1. **Trigger a backfill** for brennan tenant

2. **Check logs** for: "Resolved tenant_id from workspace_id"

3. **Check logs** for: "Using tenant's DEEPSEEK_API_KEY"

4. **Verify** LLM extraction succeeds

5. **Verify** entities and relationships are created

To test the pre-flight check:

1. **Remove** the OPENAI_API_KEY from tenant_settings temporarily

2. **Trigger** a backfill

3. **Verify** job fails immediately with: "Skipping backfill: Tenant has no valid API key"

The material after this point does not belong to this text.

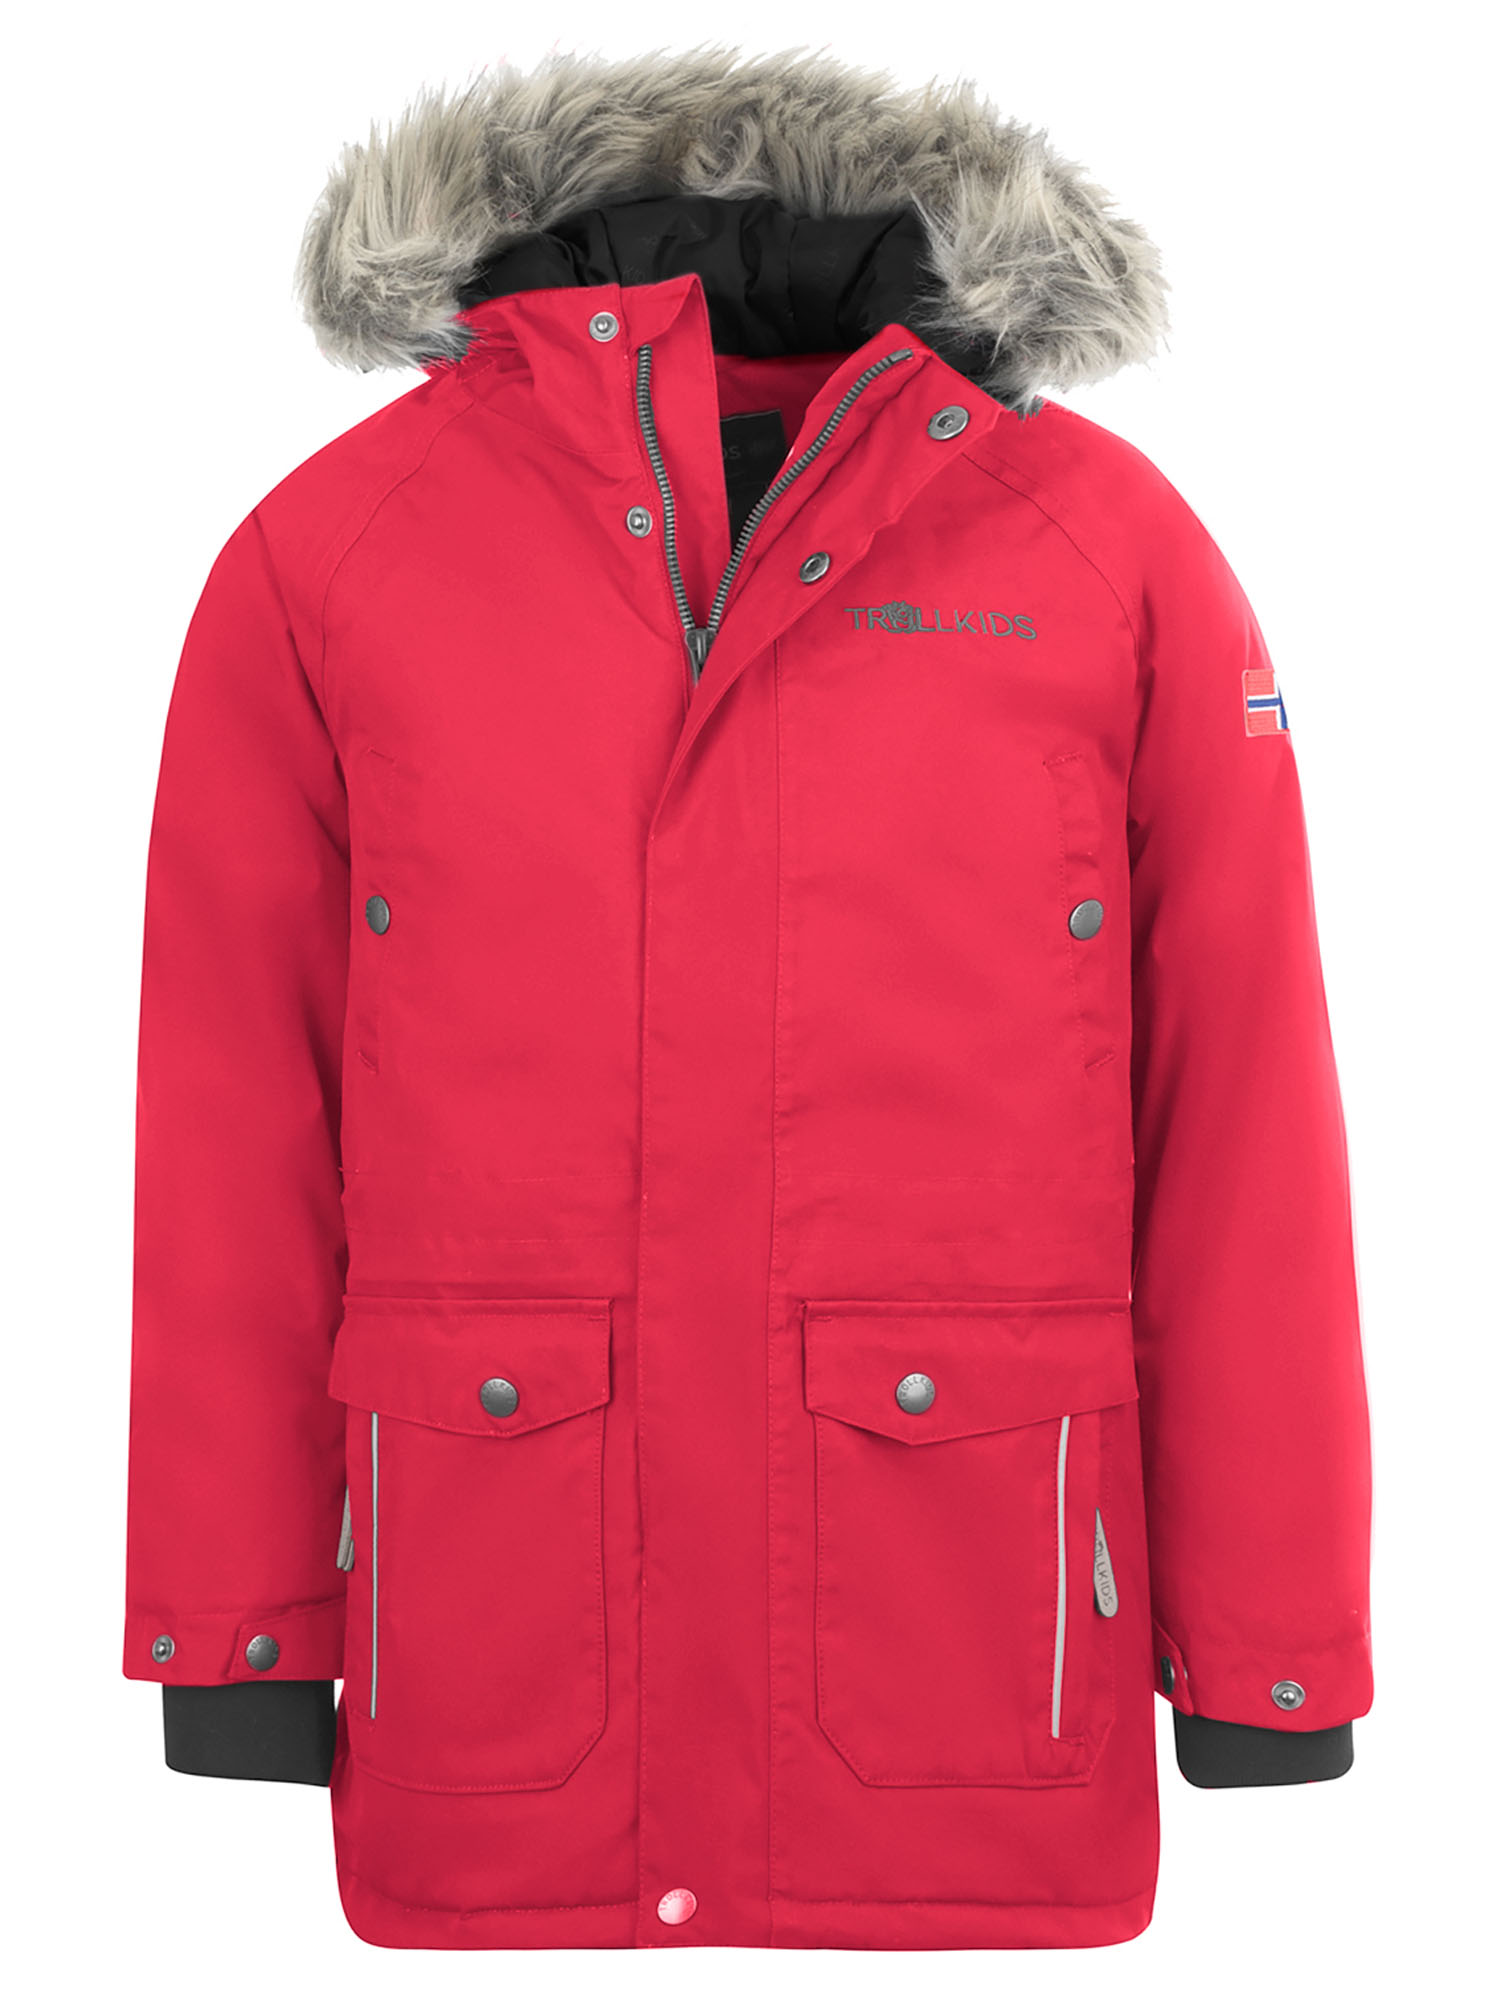 Куртка Детская Trollkids Nordkapp Bright Red (Рост:164) куртка детская roxy snowy tale snow jacket girl s bright white naive rg р 98

4. **Verify** NO records are fetched (faster feedback)

5. **Restore** the API key

## Future Work

For **managed AI tenants** (platform provides keys):

- LLMService will handle key management transparently

- No code change needed

- System will use platform keys instead of BYOK keys

The current fix ensures BYOK tenants' keys are found correctly without falling back to global keys.